These scripts aim at facilitating all the annotation formatting steps before going into an RNASeq analysis using Eoulsan or other pipelines.
It is an on going suite of scripts.
- python 2.7
- python modules
- pylab
- pandas
- ftplib
- urllib2
- fnmatch
- biopython
- docker
Before going further, you have to build a file where all the target directories will be defined. A kind of environment defining file. => validannot_env.py
Environment script to define all the paths needed. It needs to be included in all the validannot scripts.
These paths are required :
gff3_path = ".../gff3/"
dna_fasta_path = ".../dna_fasta/"
cdna_fasta_path = ".../cdna_fasta/"
ncrna_fasta_path = ".../ncrna_fasta/"
gtf_path = ".../gtf/"
log_path = ".../log/"
Retrieves fasta and annotation files from Ensembl ftp (ensembl.org or ensemblgenomes.org).
python retrieve_files_from_ensembl.py -o organism_ensembl -e ensemblversion -f file type -t generic -v
-o or --organism = Bos_taurus, Mus_musculus, Homo_sapiens -t or type = plants, fungi, metazoa, bacteria, protists, generic -e or --ensemblversion = 83 -f or --files = all, gff3, gtf, dna_fasta, cdna_fasta, ncrna_fasta (default=all) -v or --verbose
python retrieve_files_from_ensembl.py -o Bos_taurus -e 83 -f all -t generic -v
Formats Ensembl gff3 files to make real and clean gff3 files with chromosome only if desired.

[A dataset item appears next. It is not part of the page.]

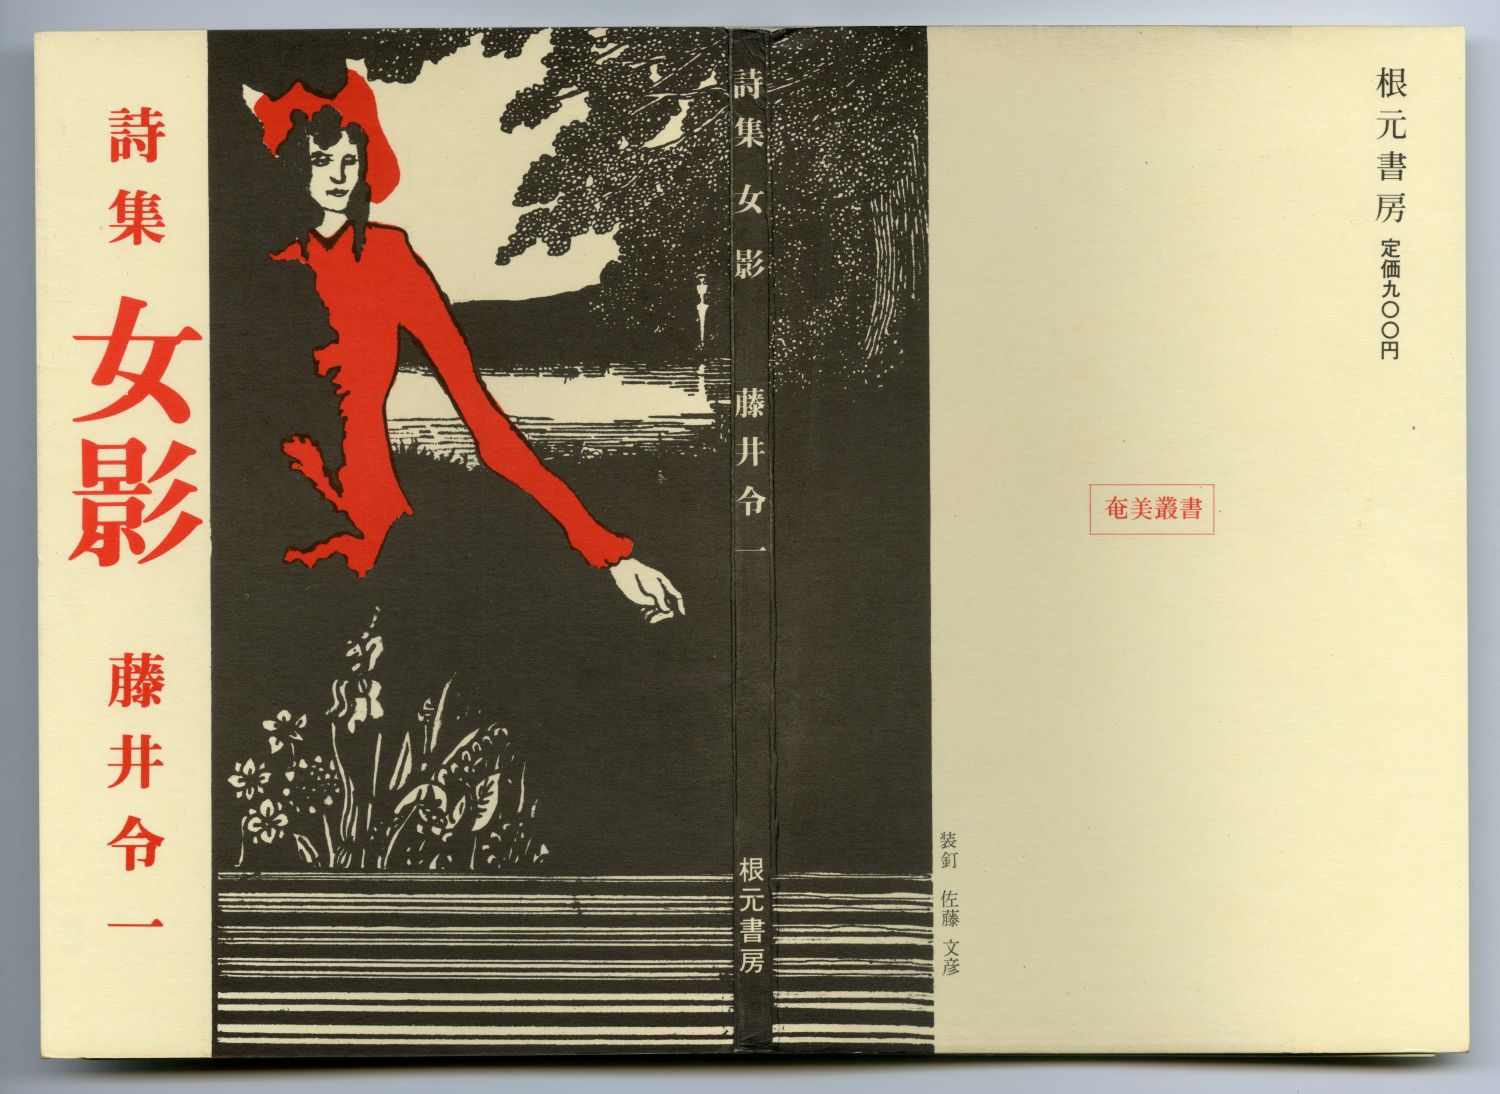 藤井令一『女影』（1982年、根元書房）表紙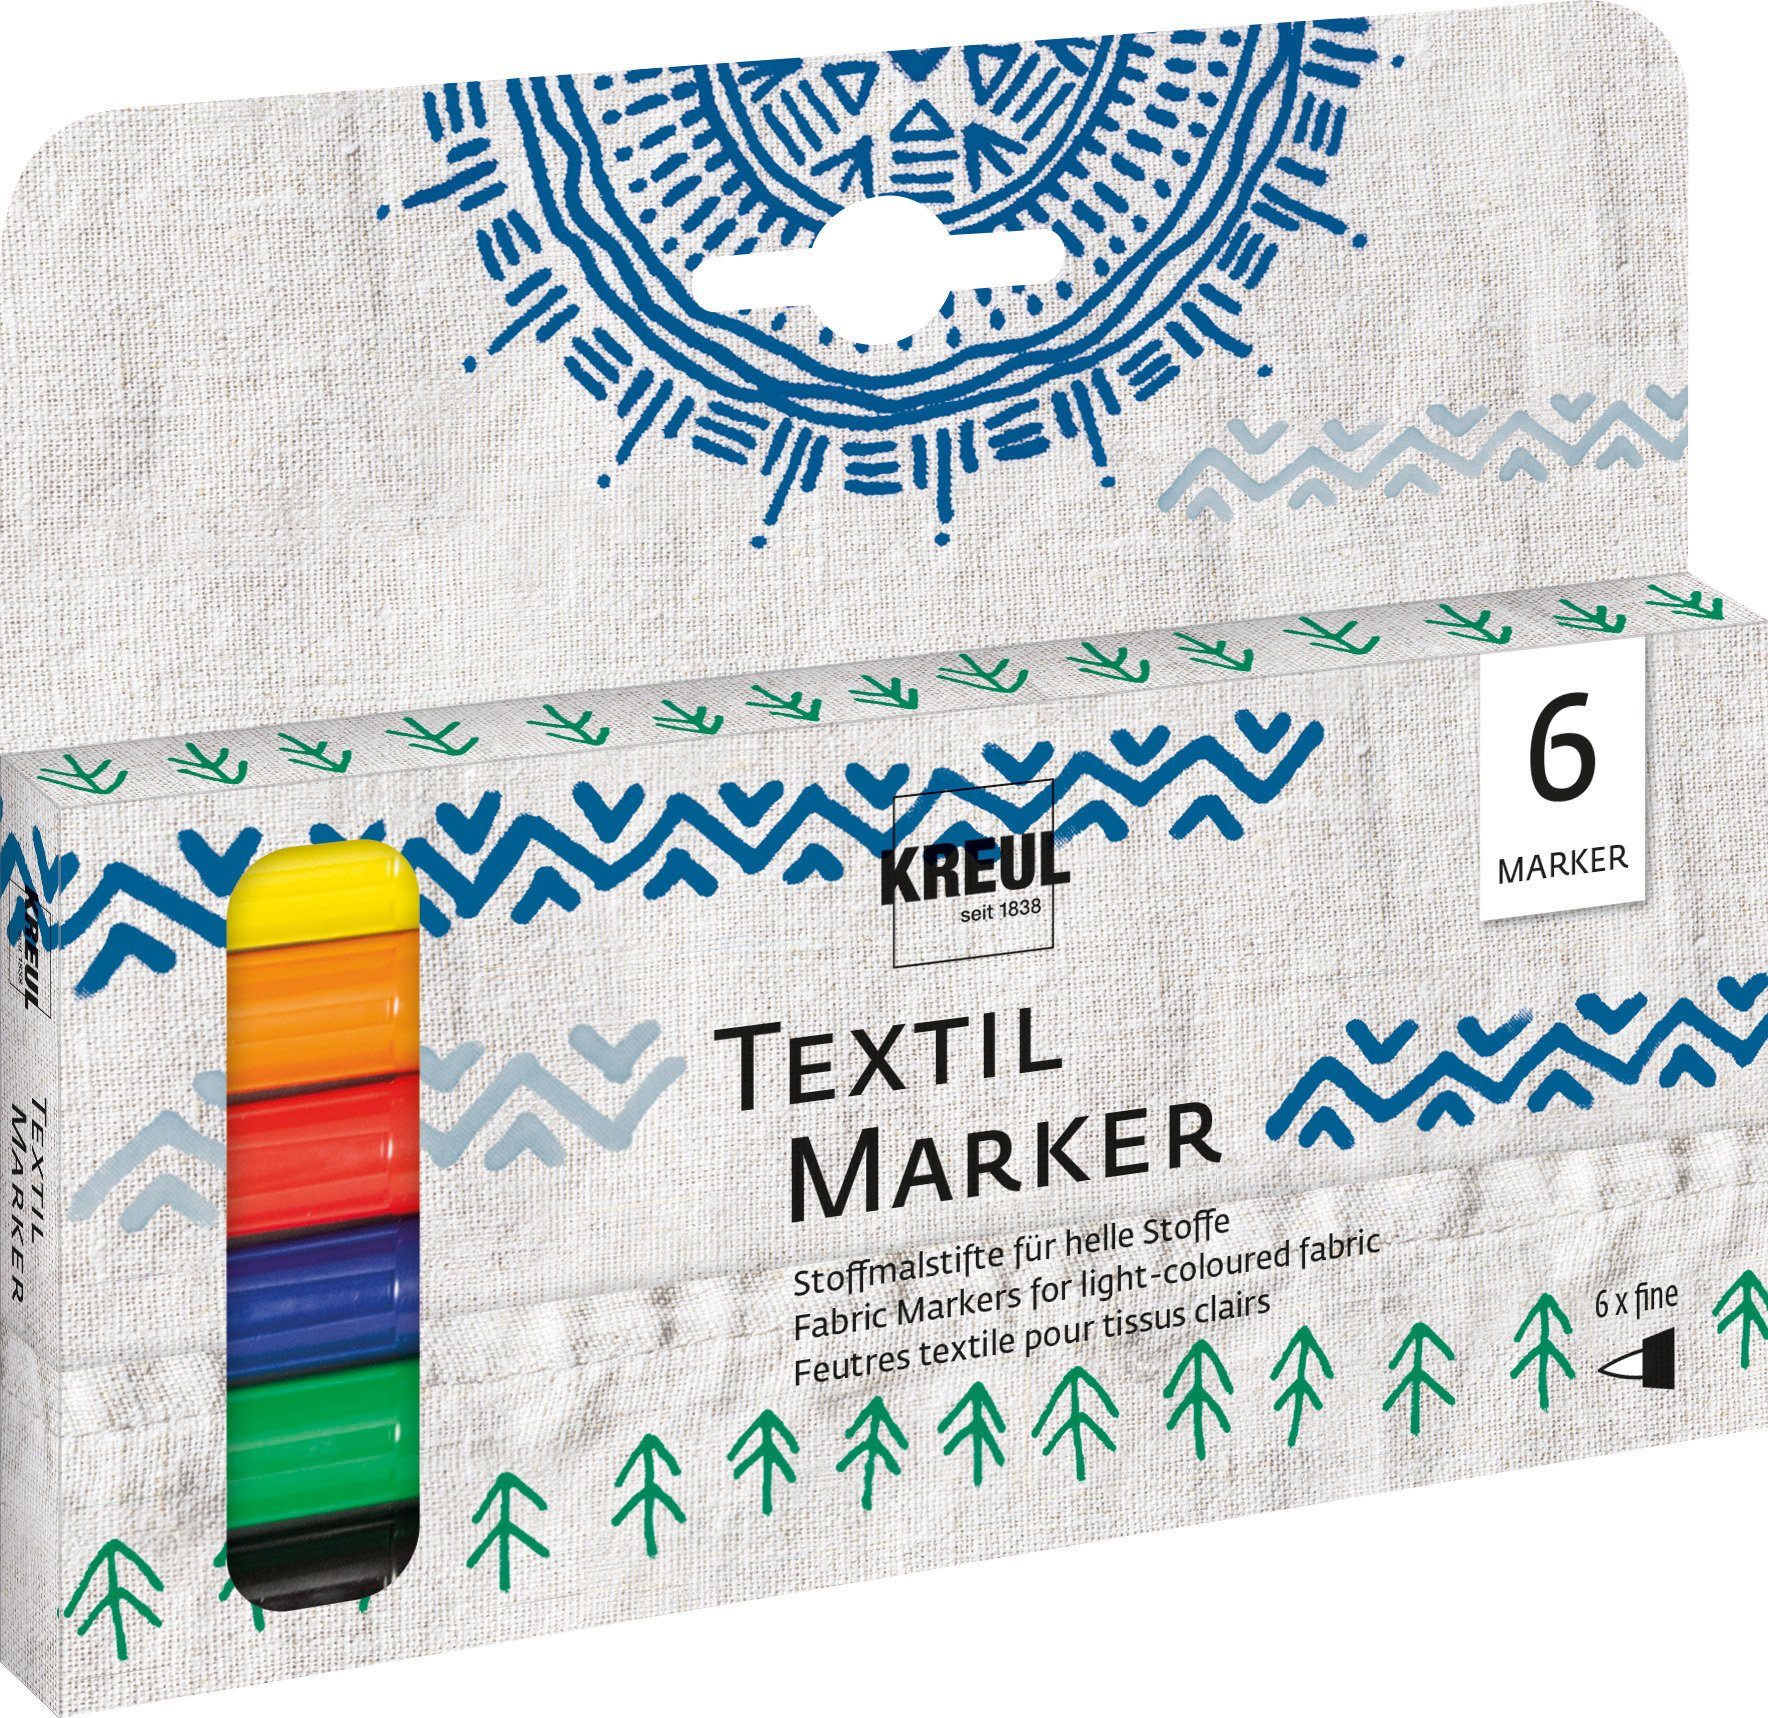 fine, Textilmarker Kreul 6er-Set Marker Textil

Avoids heavy files that could damage genome indexing process in mappers like STAR.
python modify_ensembl_gff.py -o Ensembl organism name -e Ensembl version -c y -v
-o or --organism Ensembl organism name Ex: Mus_musculus
-e or --ensemblversion Ensembl version Ex: 84
-c or --chronly Chromosome only : y
-v or --verbose
python modify_ensembl_gff.py -o Mus_musculus -e 84 -c y -v
Selects only the "official" chromosome sequences in a fasta file from an only_chr_Xxxx_xxxx_ensNN_sgdb.gff file. Avoids heavy files that could damage genome indexing process in mappers like STAR.
python select_ensembl_fasta_from_gffid_ensembl.py -o Ensembl organism name -e Ensembl version -v
# -o or --organism Ensembl organism name Ex: Mus_musculus
# -e or --ensemblversion Ensembl version Ex: 84
# -v or --verbose
python select_ensembl_fasta_from_gffid_ensembl.py -o Mus_musculus -e 84 -v
Formats Ensembl gtf files to cope with the formatted gff3 files.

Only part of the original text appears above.